COLLECTED MATERIAL:
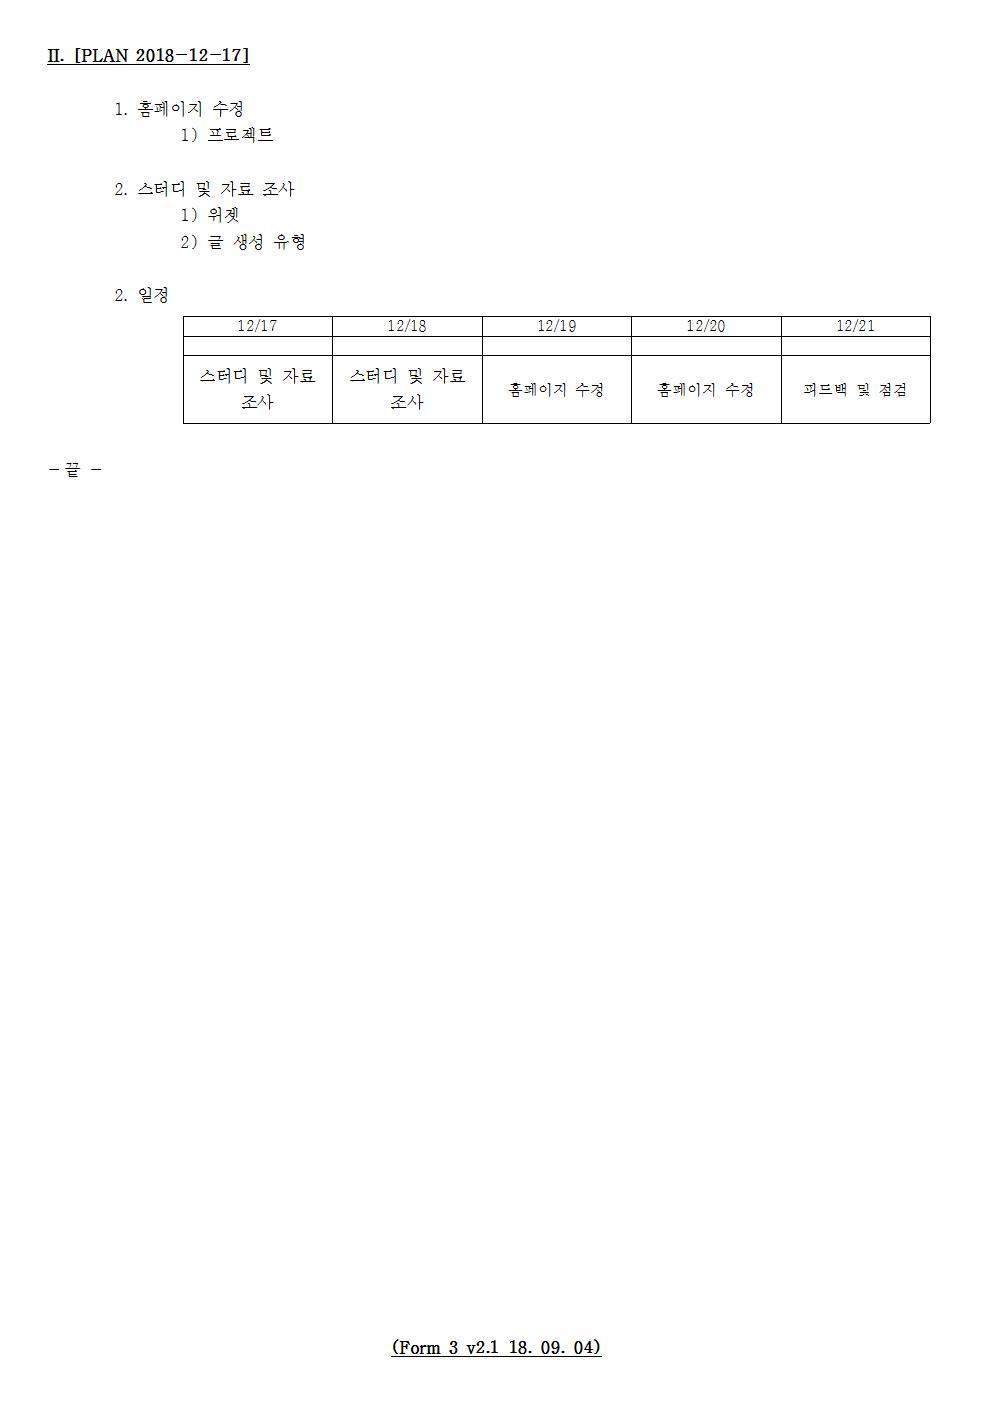 D-[18-047-BZ-07]-[BZEN HP v3.0]-[2018-12-17][HH]002.jpg
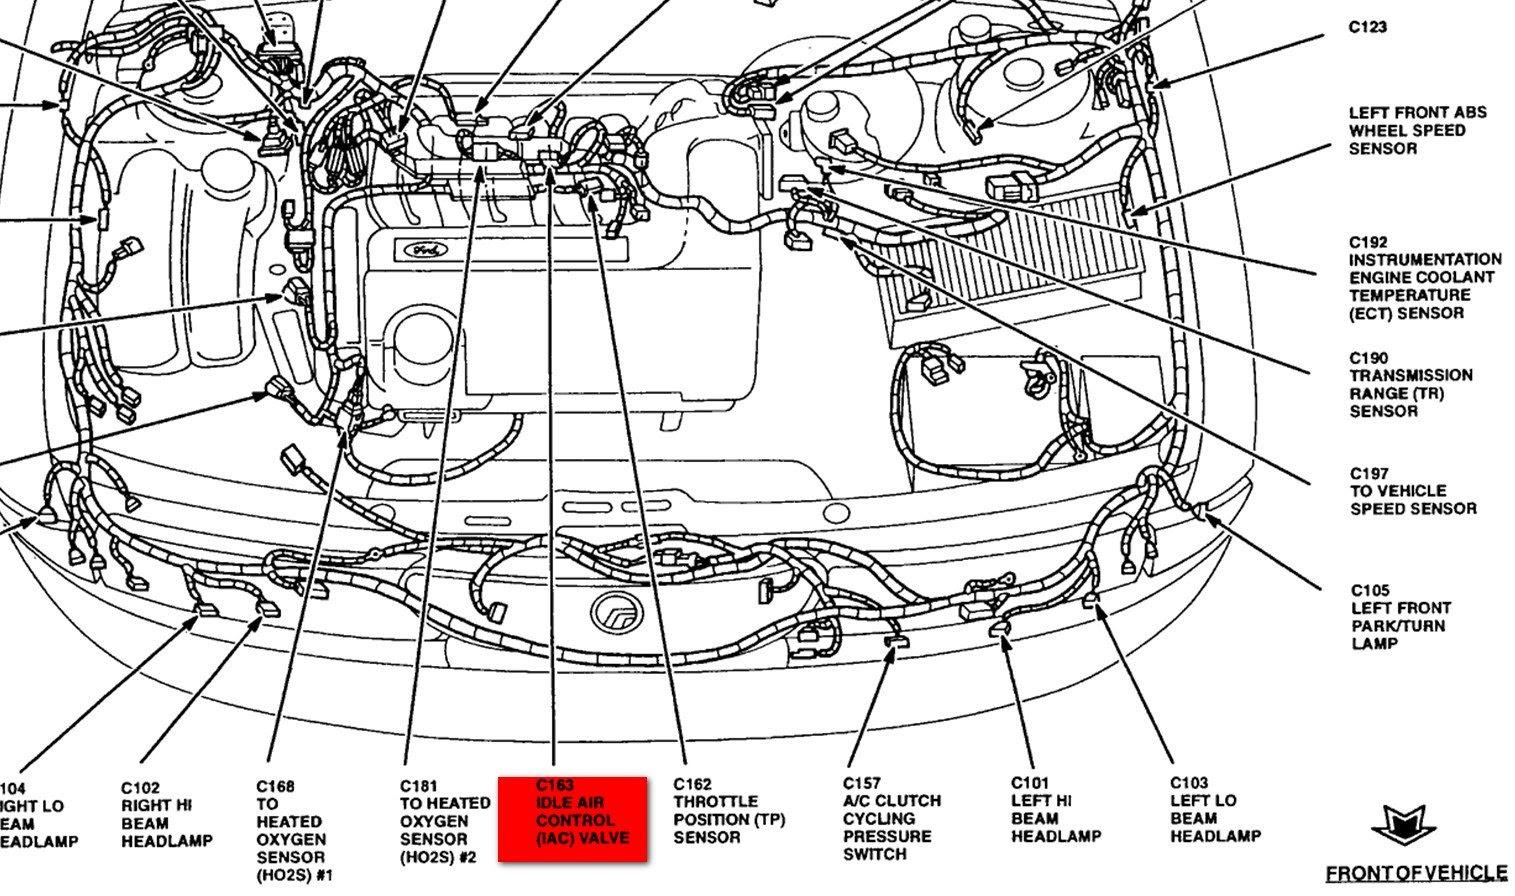 2000 Ford Contour Engine Diagram Wiring Diagrams Pose Close Pose Close Ristorantealletrote It
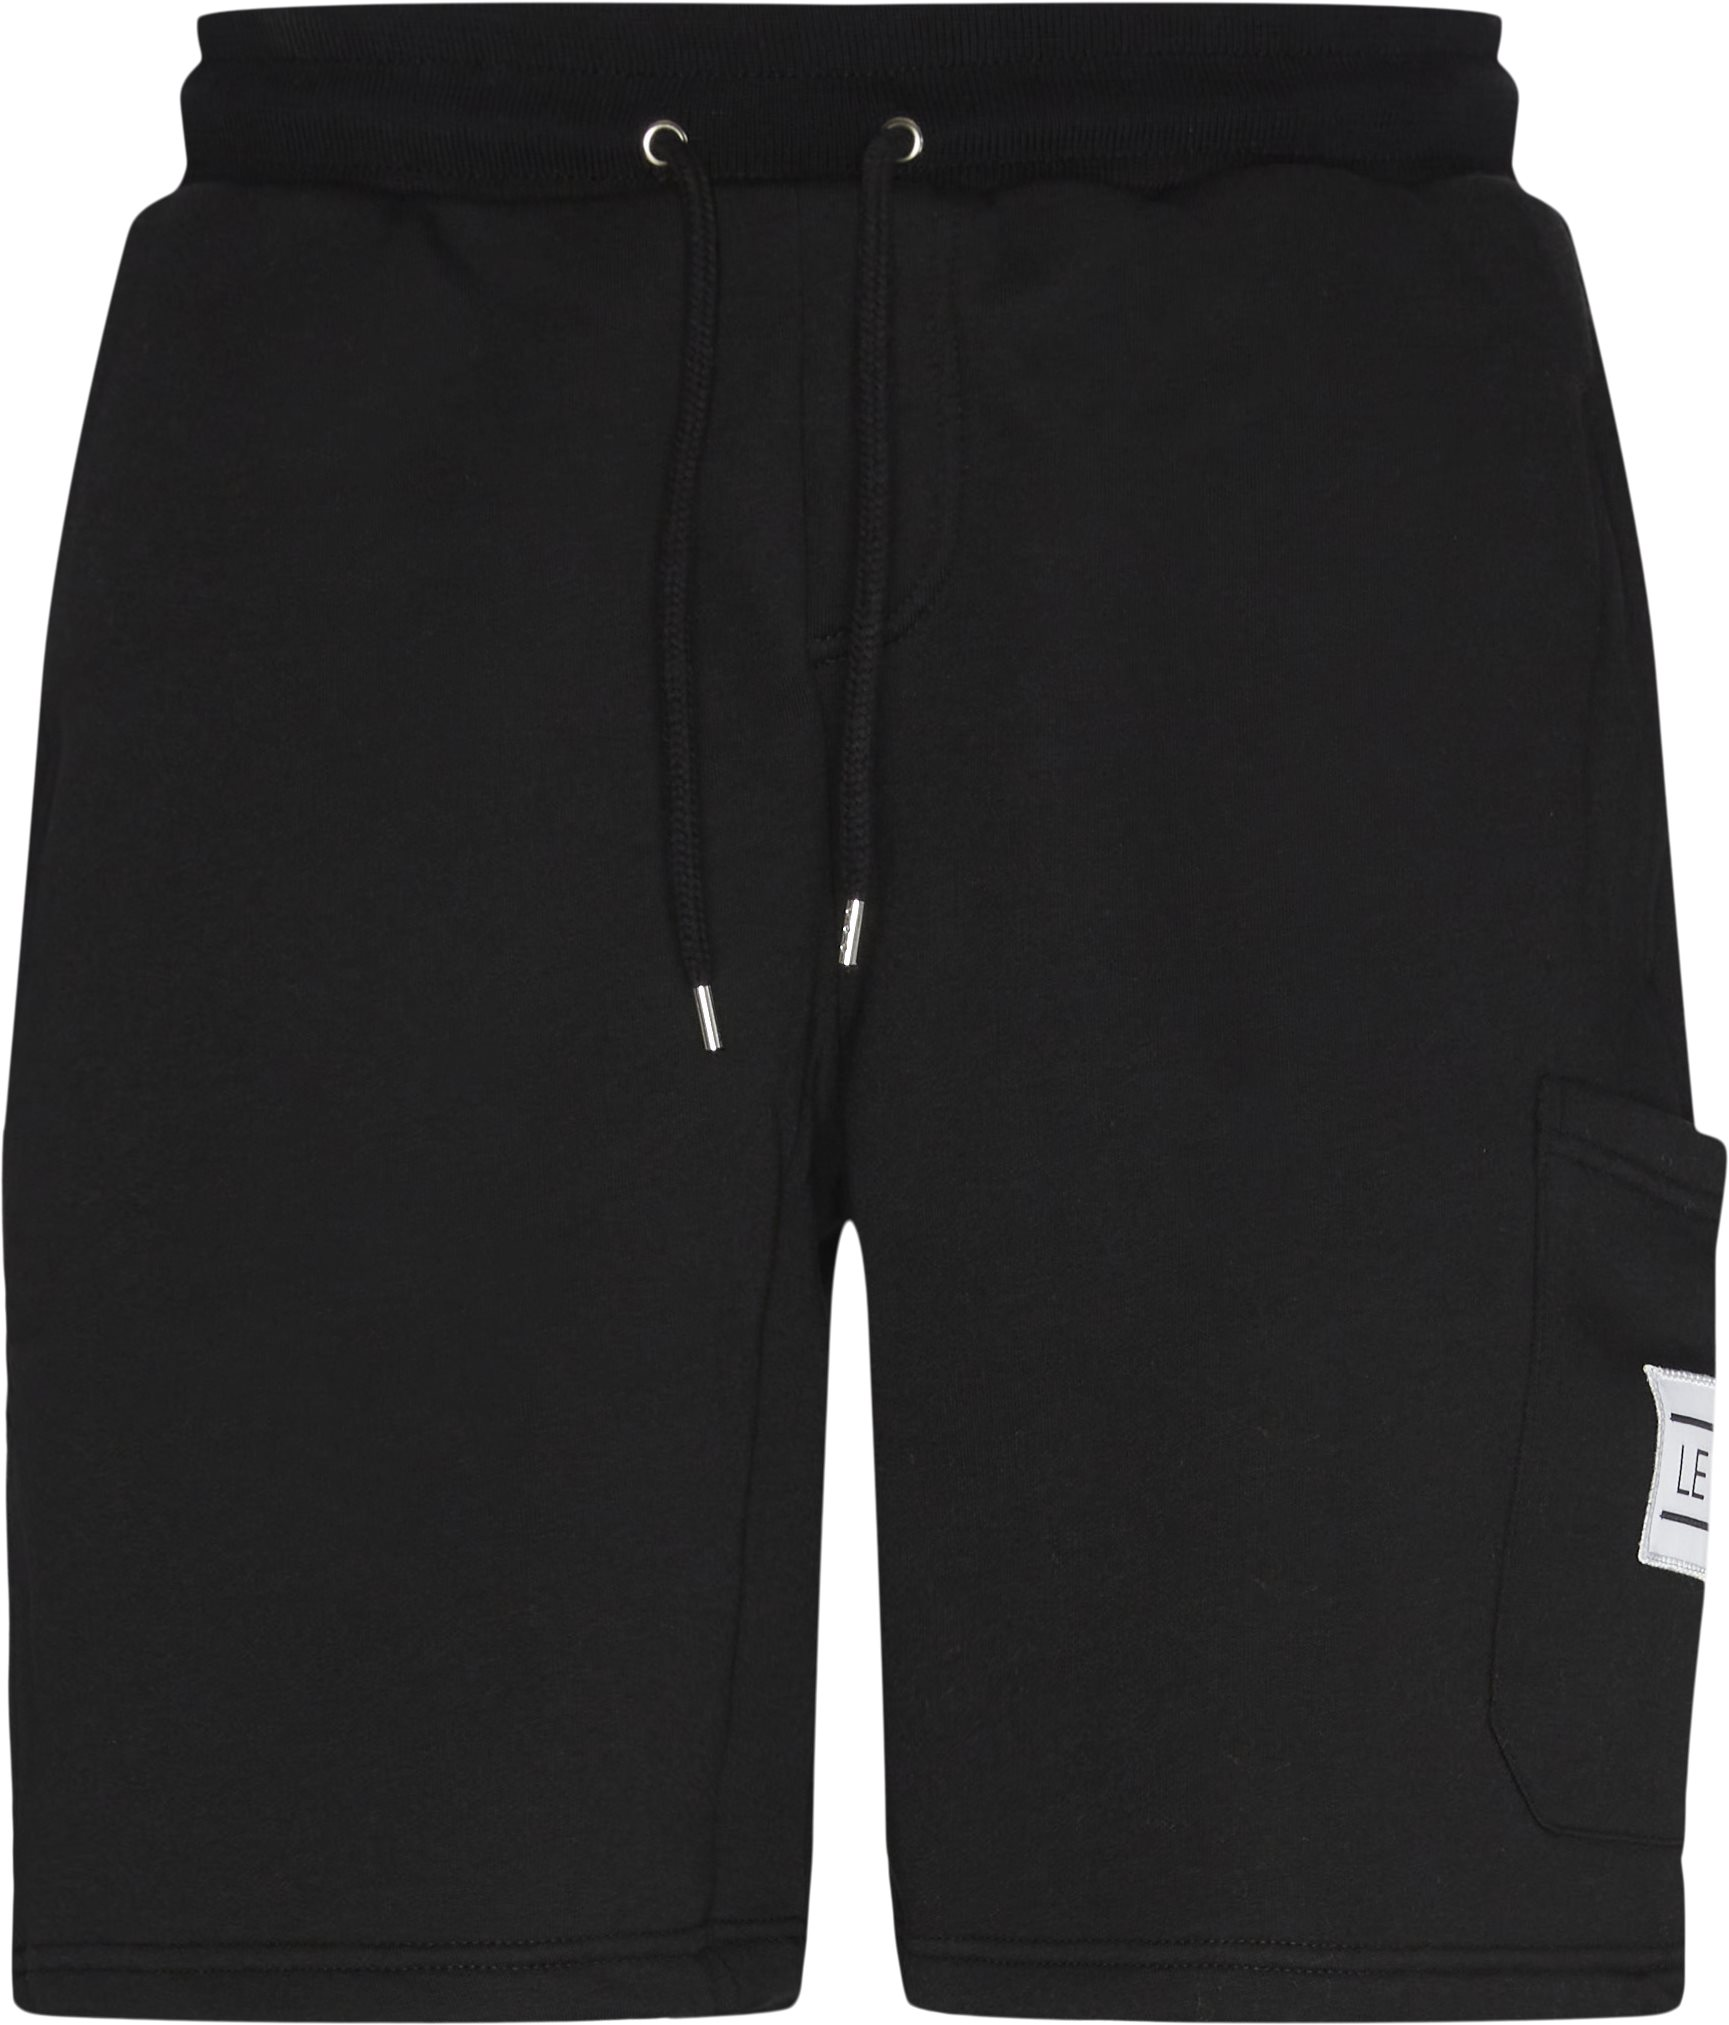 Alain Sweatshorts - Shorts - Regular fit - Sort
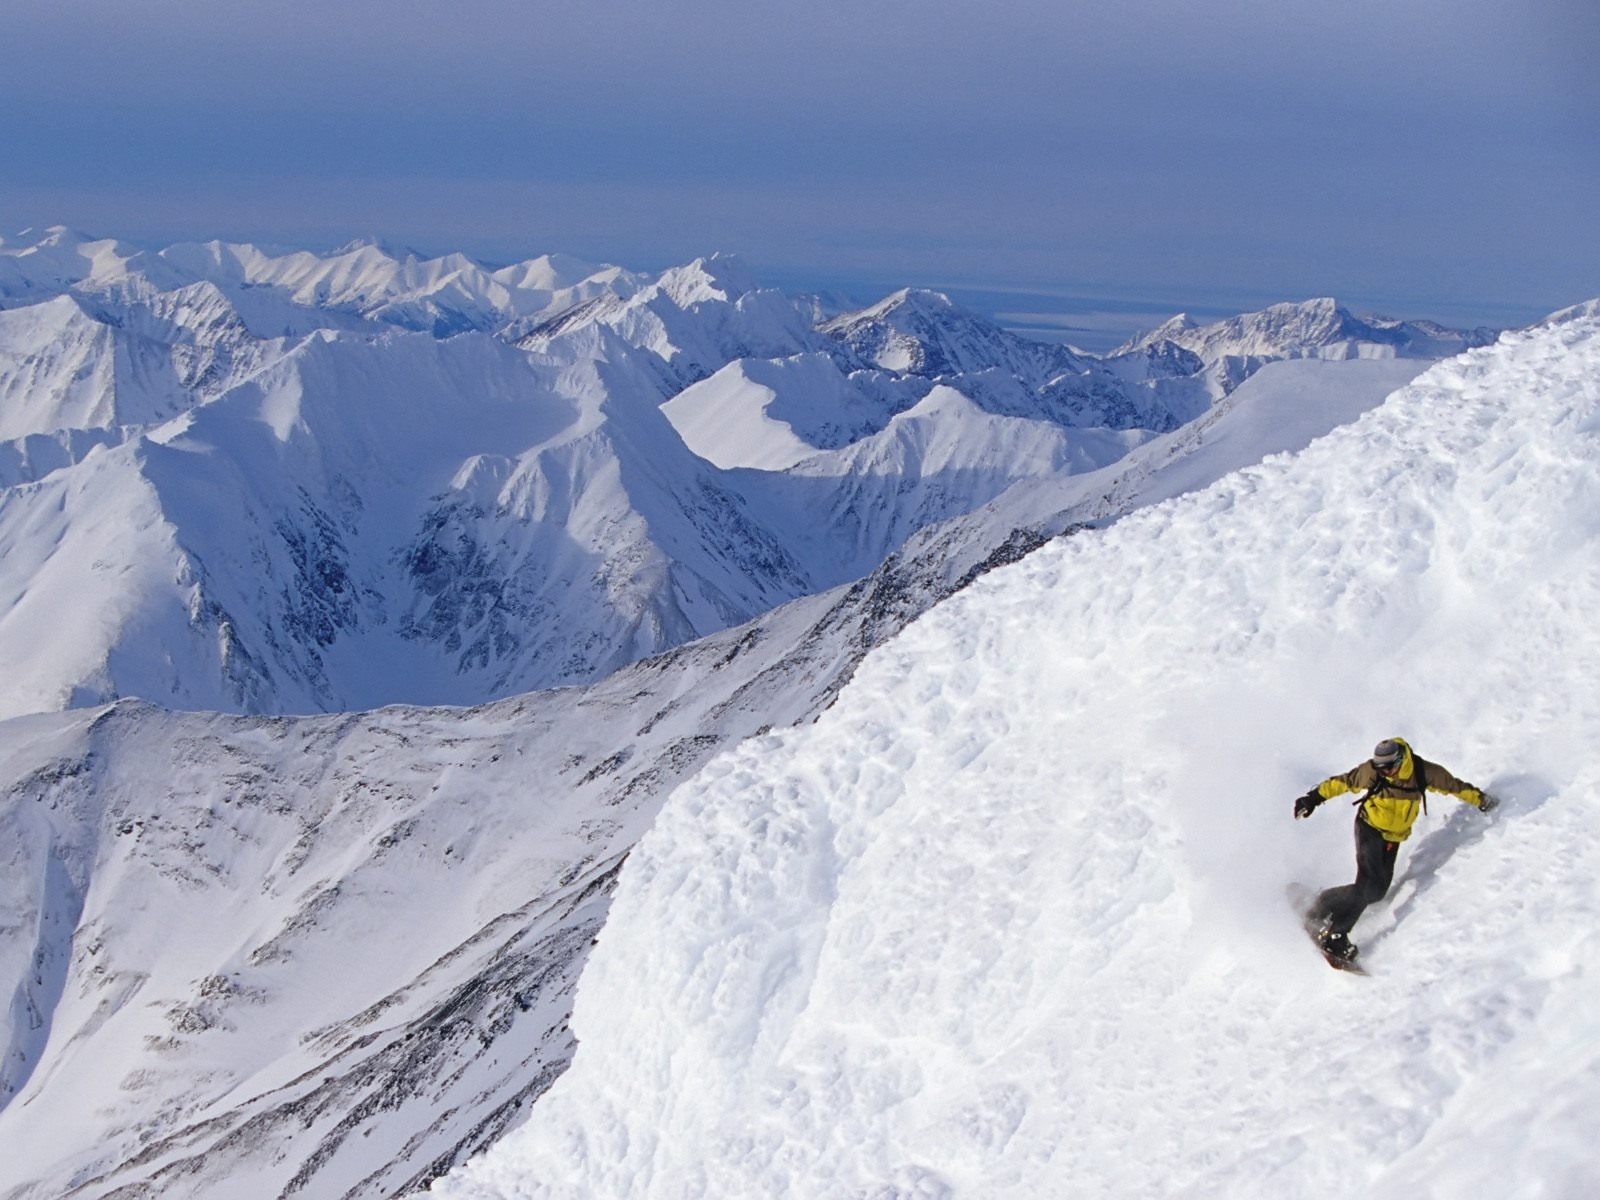 alaskan snowboarding wallpaper snowboarding sports wallpapers in jpg

WHAT NEEDS TO BE DONE: Here the requirement is to restate exactly the line holding "2000 Ford Contour" and every later line through the end of the material, omitting pictures.

WORKED SOLUTION:
 2000 Ford Contour Engine Diagram Wiring Diagrams Pose Close Pose Close Ristorantealletrote It
 Alain Sweatshorts - Shorts - Regular fit - Sort
 alaskan snowboarding wallpaper snowboarding sports wallpapers in jpg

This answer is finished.